Seizième moyen, tiré de d’une exception d’illégalité soulevée à l’encontre de la décision (UE) 2025/2022 (2) du Conseil, du 2 octobre 2025.

—

Dans une première branche, le requérant avance la violation de l’article 12, paragraphe 1, du règlement intérieur du Conseil, au motif d’un défaut d’urgence à adopter la décision n° 2025/2022.

—

Dans une deuxième branche, le requérant soutient le défaut d’information du Parlement européen et la violation du principe de coopération loyale, des principes démocratiques et de l’accord-cadre de 2010 sur les relations entre le Parlement européen et la Commission européenne, pris ensemble.

—

Dans une troisième branche, le requérant s’oppose au recours à l’application provisoire en violation de l’exigence d’information du Parlement européen et de l’accord-cadre de 2010 avec la Commission, pris ensemble avec les principes de bonne foi, de confiance légitime et de coopération loyale.

—

Dans une quatrième branche, le requérant invoque l’incompétence du Conseil pour adopter la décision n° 2025/2022.

—

Dans une cinquième branche, le requérant souligne le manquement du Conseil à son obligation d’examiner tous les éléments pertinents du cas d’espèce, avec soin et impartialité, y compris la question du respect des droits fondamentaux et du droit international humanitaire.

—

Dans une sixième branche, le requérant mobilise la violation des droits de l’homme en tant que principes et valeurs essentiels de l’Union guidant son action sur la scène internationale.

—

Dans une septième branche, le requérant estime qu’il y a violation du droit à l’autodétermination.

—

Dans une huitième branche, le requérant fait valoir le manquement, par le Conseil, de son obligation d’exécuter les arrêts de la Cour.

—

Dans une neuvième branche, le requérant invoque la violation alléguée du principe de l’effet relatif des traités.

—

Dans une dixième branche, le requérant soutient qu’il existe une violation du droit international humanitaire et du droit pénal international.

—

Dans une onzième branche, le requérant invoque la violation des obligations de l’Union au titre du droit de la responsabilité.

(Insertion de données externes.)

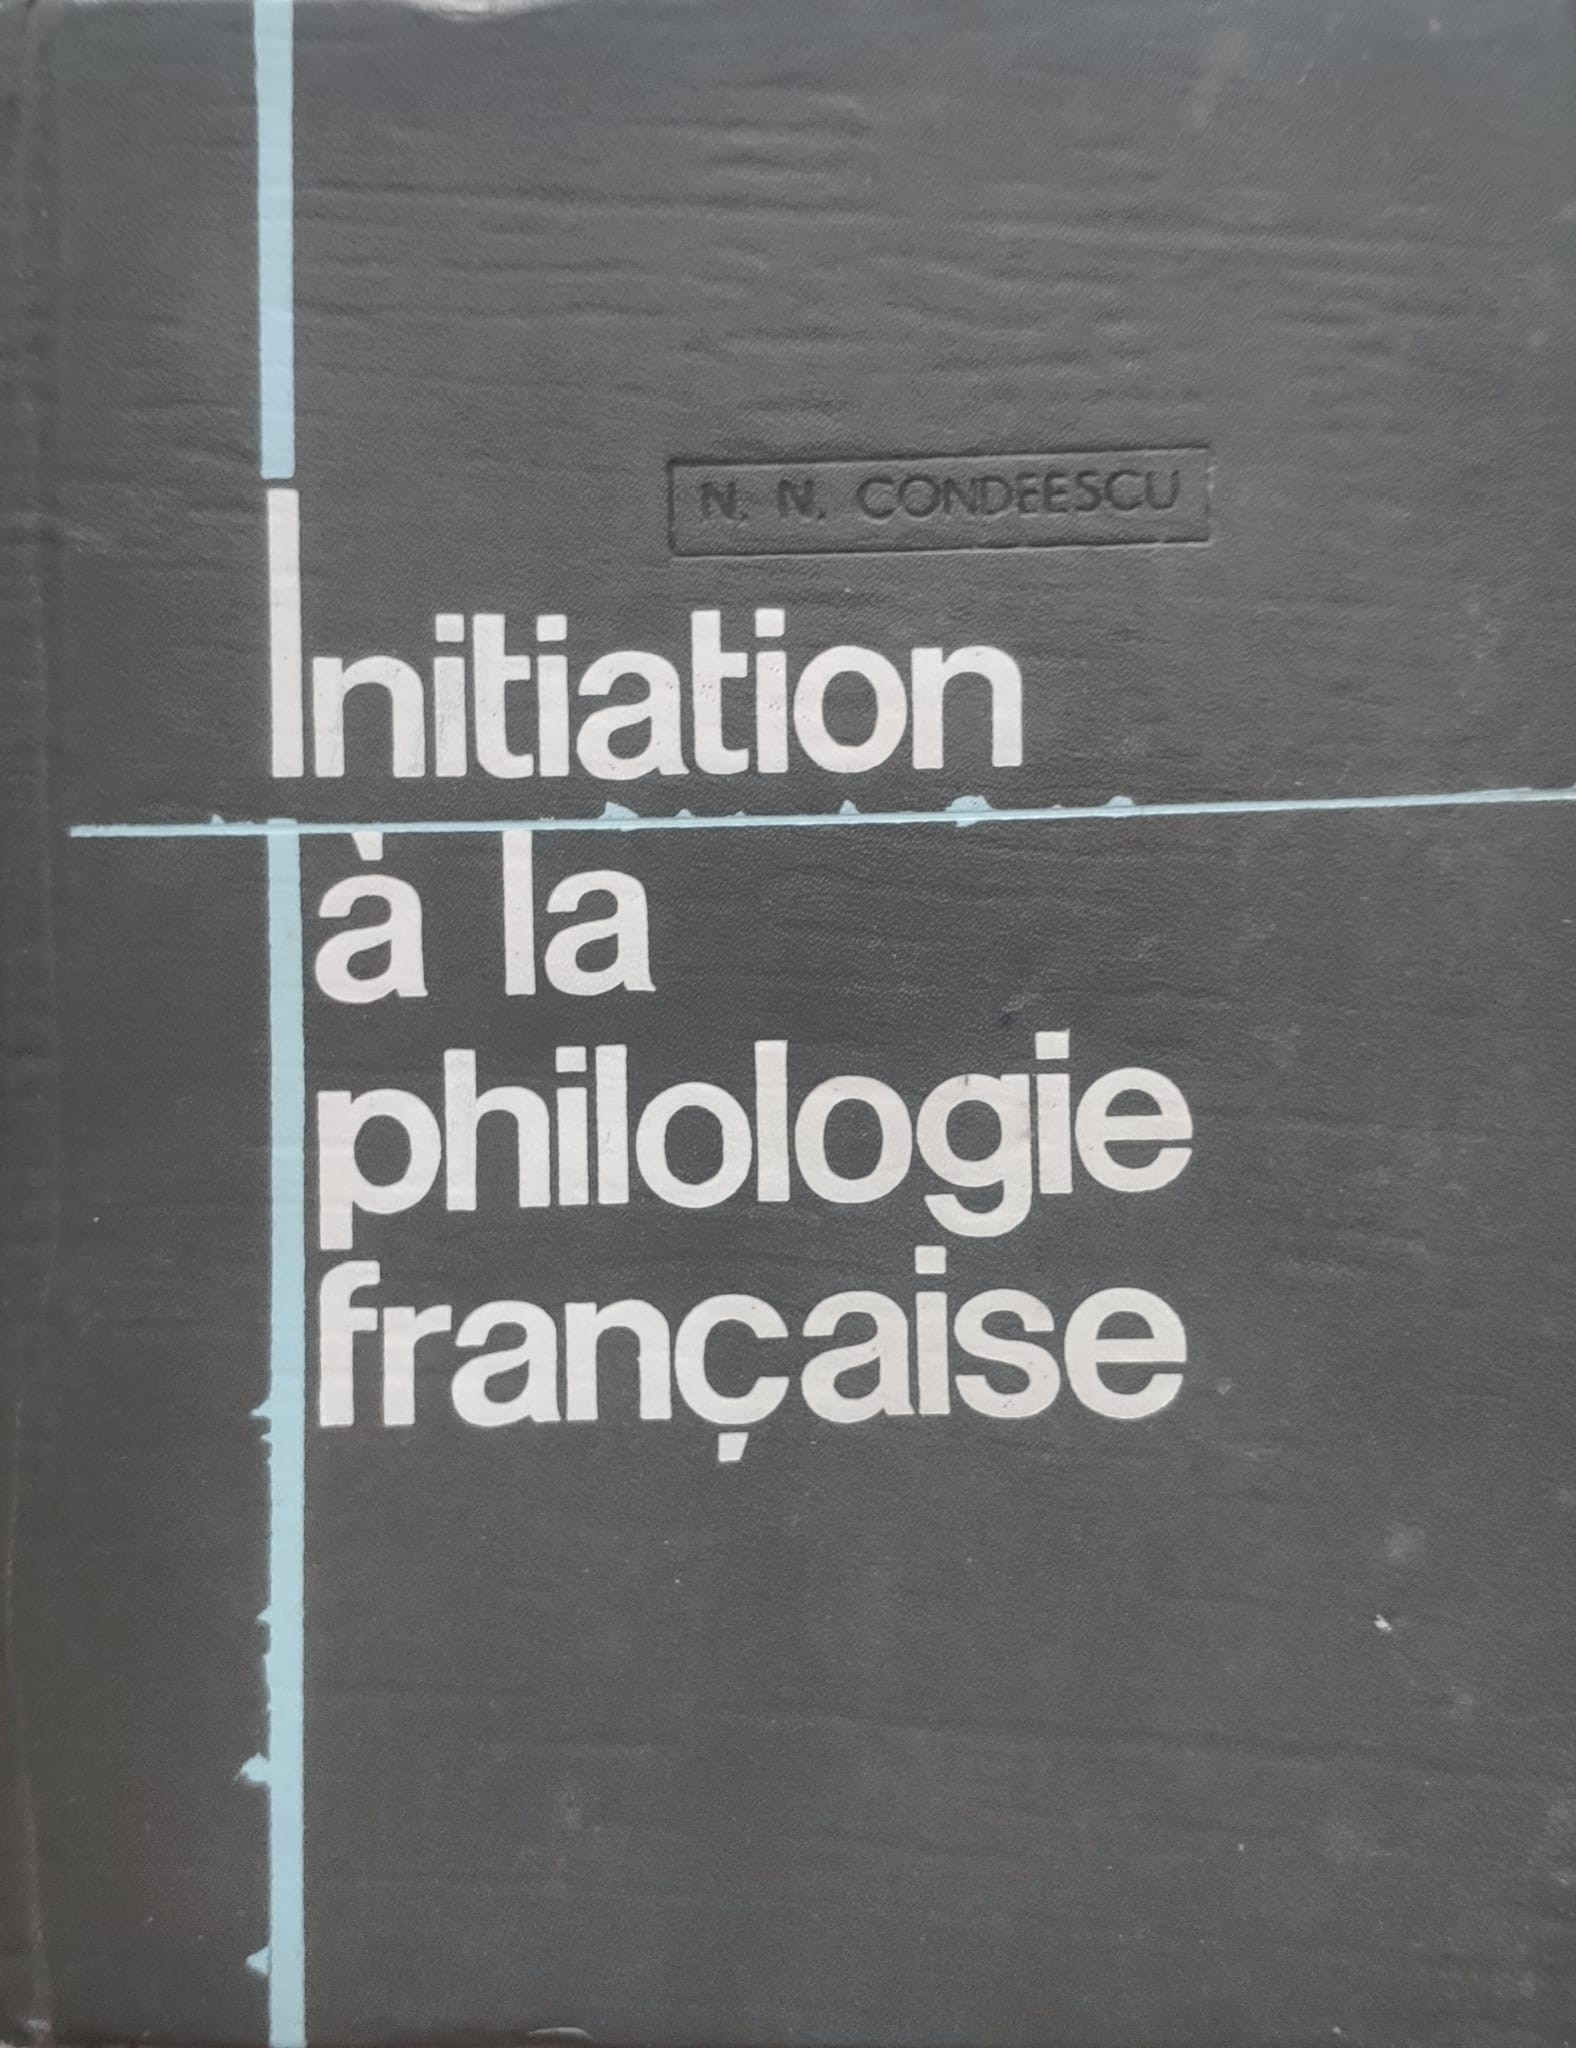 initiation a la philologie francaise                                                                 n.n.condeescu                                                                                       
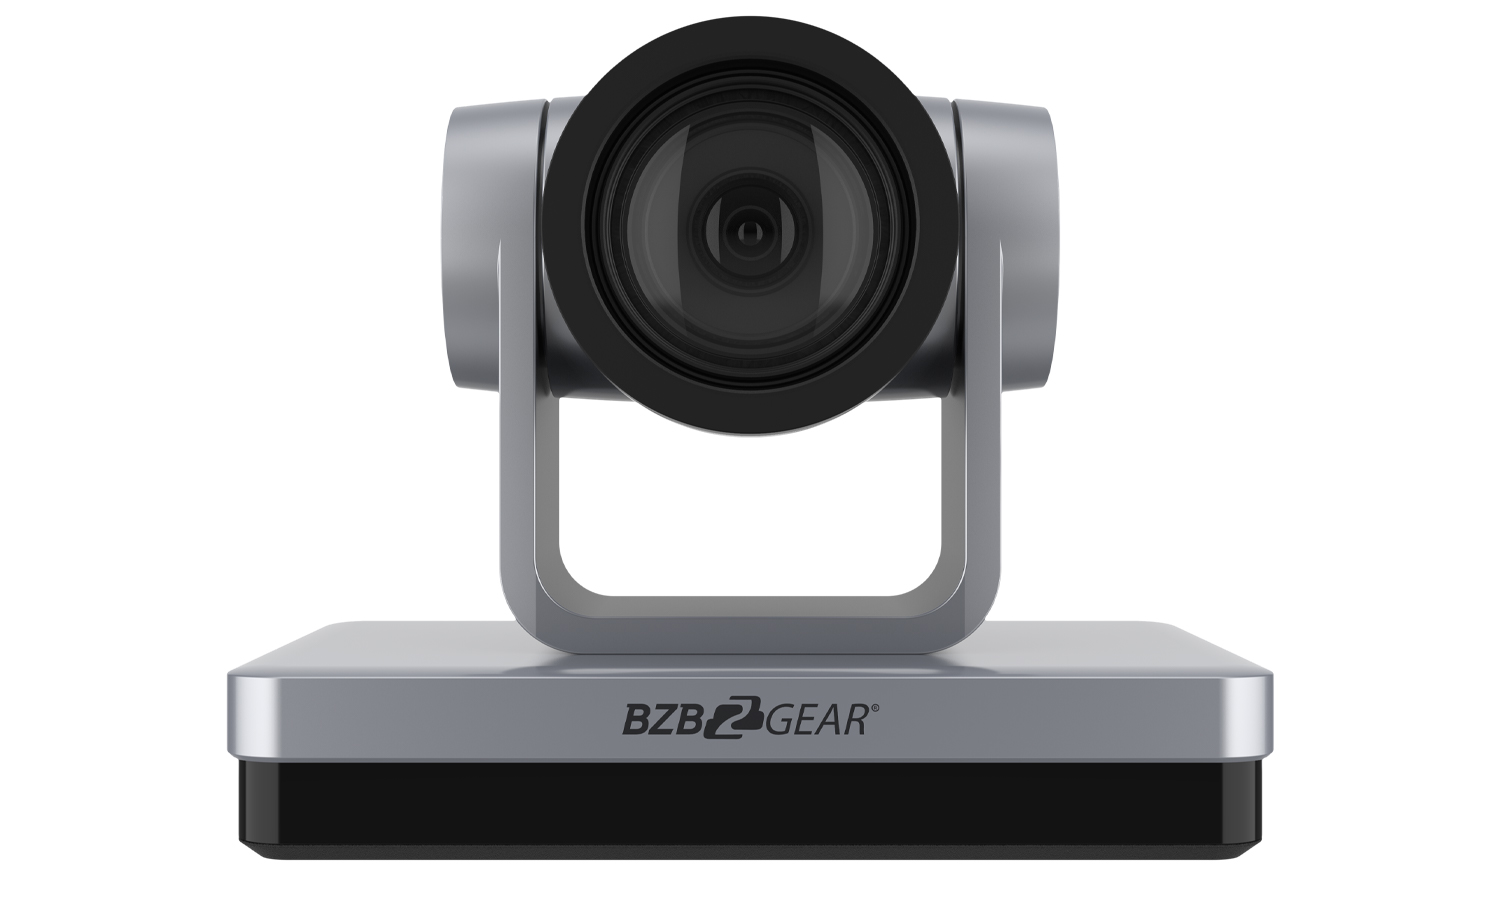 BG-UPTZ-20XHSU-S Universal 1080P FHD PTZ 20X HDMI/SDI/USB 3.0 RS232/485 Live Streaming Camera (Silver) by BZBGEAR

(1) Décision (UE) 2025/2023 du Conseil du 2 octobre 2025 relative à la position à prendre, au nom de l’Union européenne, au sein du Conseil d’association institué par l’accord euro-méditerranéen établissant une association entre les Communautés européennes et leurs États membres, d’une part, et le Royaume du Maroc, d’autre part, en ce qui concerne la modification du protocole n° 4 dudit accord relatif à la définition de la notion de «produits originaires» et aux méthodes de coopération administrative (JO L, 2025/2023).

(2) Décision (UE) 2025/2022 du Conseil, du 2 octobre 2025, relative à la signature, au nom de l’Union, et à l’application provisoire de l’accord sous forme d’échange de lettres entre l’Union européenne et le Royaume du Maroc sur la modification des protocoles n° 1 et n° 4 de l’accord euro-méditerranéen établissant une association entre les Communautés européennes et leurs États membres, d’une part, et le Royaume du Maroc, d’autre part (JO L, 2025/2022).